Mommy sees me getting fussy and she tries to entertain me. She makes funny faces. I like it when mommy makes funny faces but I’m just not in the mood right now. I refuse to make eye contact with mommy so that she knows my heart isn’t in it. Still feeling sleepy though. What to do?
I try rubbing the sleep out of my eyes with the backs of my hands. It’s not helping. I try rubbing harder. Still no less sleepy. I’m getting frustrated and fuss more vigorously but the sleepy feeling is still there.
Mommy brings me my fuzzy blanket. I like my fuzzy blanket. It soothes me. I grab the edge and pull it up to my face. I like the way it feels against my skin but it makes my eyes want to close and that scares me a little. I kick my feet. Maybe I can kick the sleepiness away.
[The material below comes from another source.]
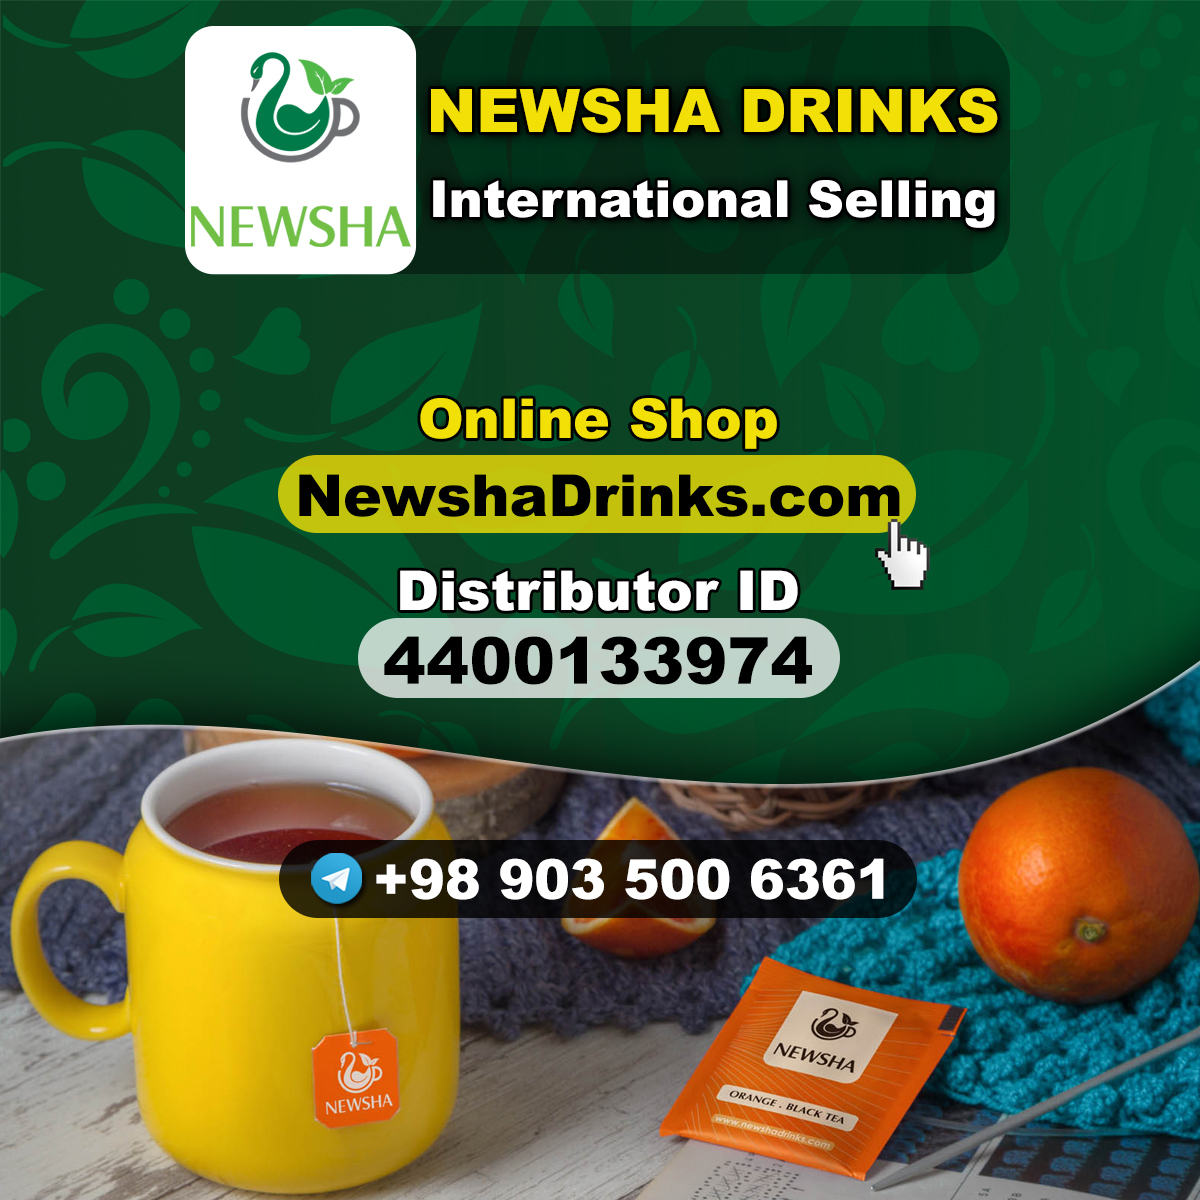 Newsha Drinks International Selling

I’m trying to compose my thoughts for my next blog post but my body isn’t letting me. Why? I don’t understand what’s happening to me. All my kicking and fussing isn’t getting rid of the sleepy feeling. If anything, it might be making it worse. What’s going on? I start to cry.
Mommy wraps me up in my fuzzy blanket and picks me up. She calls me her baby fuss fuss. She speaks quietly and rocks me back and forth. It feels nice and I quiet down. I listen to mommy’s voice and my body starts to feel funny. My eyes close, and I let them. My muscles relax and I allow myself go with the rocking motion; back and forth.
I feel mommy putting me down and I open my eyes. I see the inside of my crib and I hear mommy whispering to me. She tells me I’m a good girl. Mommy strokes my hair. I feel safe and content. My eyes close again. I wonder how I’m going to solve my sleepy problem. I guess that can wait for now. I sigh as I drift off to sleep.